WHAT YOU SHOULD DO:
In full and without deviation, reproduce the records that follow.

Dataset items:
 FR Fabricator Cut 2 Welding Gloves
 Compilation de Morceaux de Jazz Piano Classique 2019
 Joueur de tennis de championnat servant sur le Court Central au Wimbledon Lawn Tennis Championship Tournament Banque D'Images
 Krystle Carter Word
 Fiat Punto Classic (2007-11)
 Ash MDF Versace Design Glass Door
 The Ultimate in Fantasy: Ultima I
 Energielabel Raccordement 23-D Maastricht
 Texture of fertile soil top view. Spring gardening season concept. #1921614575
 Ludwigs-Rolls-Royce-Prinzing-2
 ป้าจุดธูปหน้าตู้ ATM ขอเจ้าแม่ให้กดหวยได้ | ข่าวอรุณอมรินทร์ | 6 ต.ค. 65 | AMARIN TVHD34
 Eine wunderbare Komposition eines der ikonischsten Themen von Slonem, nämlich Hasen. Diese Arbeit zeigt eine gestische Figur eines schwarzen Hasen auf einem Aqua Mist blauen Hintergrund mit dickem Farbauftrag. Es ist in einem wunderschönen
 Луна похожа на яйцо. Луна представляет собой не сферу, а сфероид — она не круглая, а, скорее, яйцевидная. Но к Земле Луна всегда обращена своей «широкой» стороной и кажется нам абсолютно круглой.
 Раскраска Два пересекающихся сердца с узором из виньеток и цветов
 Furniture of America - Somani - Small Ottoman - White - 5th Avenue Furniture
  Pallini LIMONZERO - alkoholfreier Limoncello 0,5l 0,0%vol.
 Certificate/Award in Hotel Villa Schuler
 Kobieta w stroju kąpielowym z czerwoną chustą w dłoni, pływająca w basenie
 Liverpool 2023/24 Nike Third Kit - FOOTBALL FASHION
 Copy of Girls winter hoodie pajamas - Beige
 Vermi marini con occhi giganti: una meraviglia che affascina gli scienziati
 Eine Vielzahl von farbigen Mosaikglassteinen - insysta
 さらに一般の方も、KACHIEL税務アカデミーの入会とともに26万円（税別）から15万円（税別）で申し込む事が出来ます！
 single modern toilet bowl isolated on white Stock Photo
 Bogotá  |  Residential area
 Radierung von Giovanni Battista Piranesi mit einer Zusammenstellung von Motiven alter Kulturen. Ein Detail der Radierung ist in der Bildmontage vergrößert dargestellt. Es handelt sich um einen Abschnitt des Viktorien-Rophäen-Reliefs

FINAL ANSWER:
 FR Fabricator Cut 2 Welding Gloves
 Compilation de Morceaux de Jazz Piano Classique 2019
 Joueur de tennis de championnat servant sur le Court Central au Wimbledon Lawn Tennis Championship Tournament Banque D'Images
 Krystle Carter Word
 Fiat Punto Classic (2007-11)
 Ash MDF Versace Design Glass Door
 The Ultimate in Fantasy: Ultima I
 Energielabel Raccordement 23-D Maastricht
 Texture of fertile soil top view. Spring gardening season concept. #1921614575
 Ludwigs-Rolls-Royce-Prinzing-2
 ป้าจุดธูปหน้าตู้ ATM ขอเจ้าแม่ให้กดหวยได้ | ข่าวอรุณอมรินทร์ | 6 ต.ค. 65 | AMARIN TVHD34
 Eine wunderbare Komposition eines der ikonischsten Themen von Slonem, nämlich Hasen. Diese Arbeit zeigt eine gestische Figur eines schwarzen Hasen auf einem Aqua Mist blauen Hintergrund mit dickem Farbauftrag. Es ist in einem wunderschönen
 Луна похожа на яйцо. Луна представляет собой не сферу, а сфероид — она не круглая, а, скорее, яйцевидная. Но к Земле Луна всегда обращена своей «широкой» стороной и кажется нам абсолютно круглой.
 Раскраска Два пересекающихся сердца с узором из виньеток и цветов
 Furniture of America - Somani - Small Ottoman - White - 5th Avenue Furniture
  Pallini LIMONZERO - alkoholfreier Limoncello 0,5l 0,0%vol.
 Certificate/Award in Hotel Villa Schuler
 Kobieta w stroju kąpielowym z czerwoną chustą w dłoni, pływająca w basenie
 Liverpool 2023/24 Nike Third Kit - FOOTBALL FASHION
 Copy of Girls winter hoodie pajamas - Beige
 Vermi marini con occhi giganti: una meraviglia che affascina gli scienziati
 Eine Vielzahl von farbigen Mosaikglassteinen - insysta
 さらに一般の方も、KACHIEL税務アカデミーの入会とともに26万円（税別）から15万円（税別）で申し込む事が出来ます！
 single modern toilet bowl isolated on white Stock Photo
 Bogotá  |  Residential area
 Radierung von Giovanni Battista Piranesi mit einer Zusammenstellung von Motiven alter Kulturen. Ein Detail der Radierung ist in der Bildmontage vergrößert dargestellt. Es handelt sich um einen Abschnitt des Viktorien-Rophäen-Reliefs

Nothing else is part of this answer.